The OAC, which also provides grants and services to Ontario-based artists and arts organizations, will see its base funding for 2018-19 drop from $69.9 million to the 2017-18 level of $64.9 million.

Ontario NDP culture critic Jill Andrew said in a tweet that “The government’s cut of $2.25 million to the Indigenous Culture Fund at the Ontario Arts Council is a disturbing step back from the TRC’s Calls to Action. This and the $5 million cut to @ONArtsCouncil’s base funding is an alarming attack on arts and culture.” The ICF had been set up by the previous Liberal government with a $5 million annual budget to address issues arising from the Truth and Reconciliation Committee.

The move, which the province has characterized as “a review,” comes five months after the Progressive Conservative government cancelled sessions to update the Ontario school curriculum with Indigenous content. Both the curriculum update and the ICF were responses to the Truth and Reconciliation Commission of Canada (TRC).
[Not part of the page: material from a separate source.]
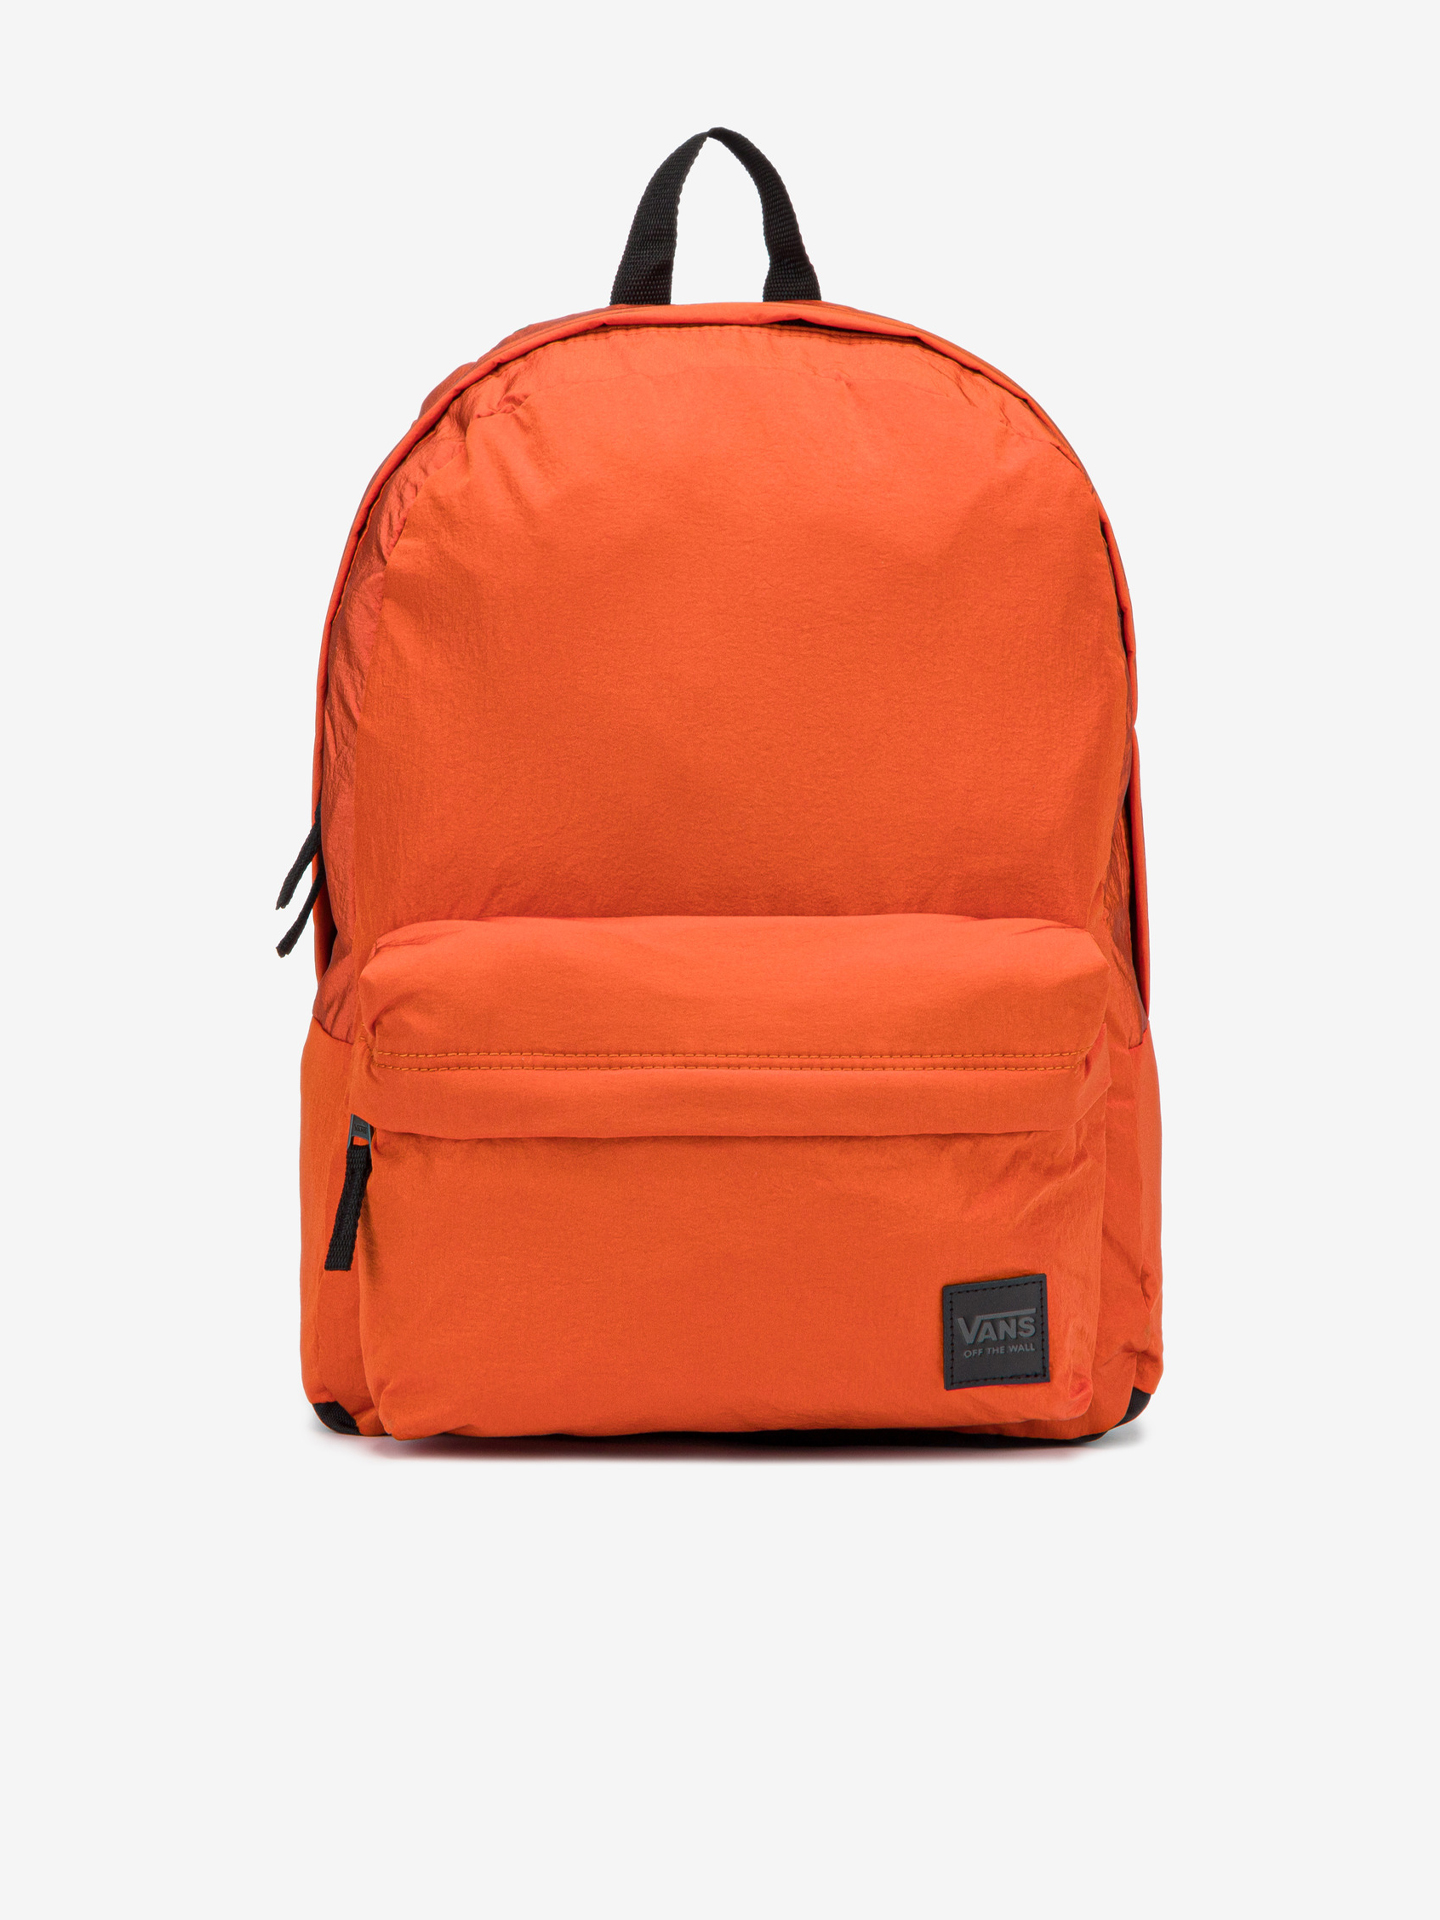 Vans portocalii rucsac

In another announced set of cuts, the province will be completely defunding the Ontario College of Midwifes in a move the organization calls “disappointing.”

“Midwives really do shoulder a proportionally higher burden of professional fees through our regulatory college to begin with,” said Elizabeth Brandeis, Association of Ontario Midwives (AOM) president on Friday. “So this cut of government support really does put that extra burden on midwives.”

Midwives work in about 100 communities across the province and deliver about 15 percent of babies born in Ontario, according to the AOM, but the association notes that there is already far greater demand for services than the province’s 956 registered midwives can provide. “We know upward of 25 to 40 percent of people who want to have a midwife can’t currently access a midwife,” said Ms. Brandeis.

The Ontario College of Midwifes has been receiving government funding for 25 years.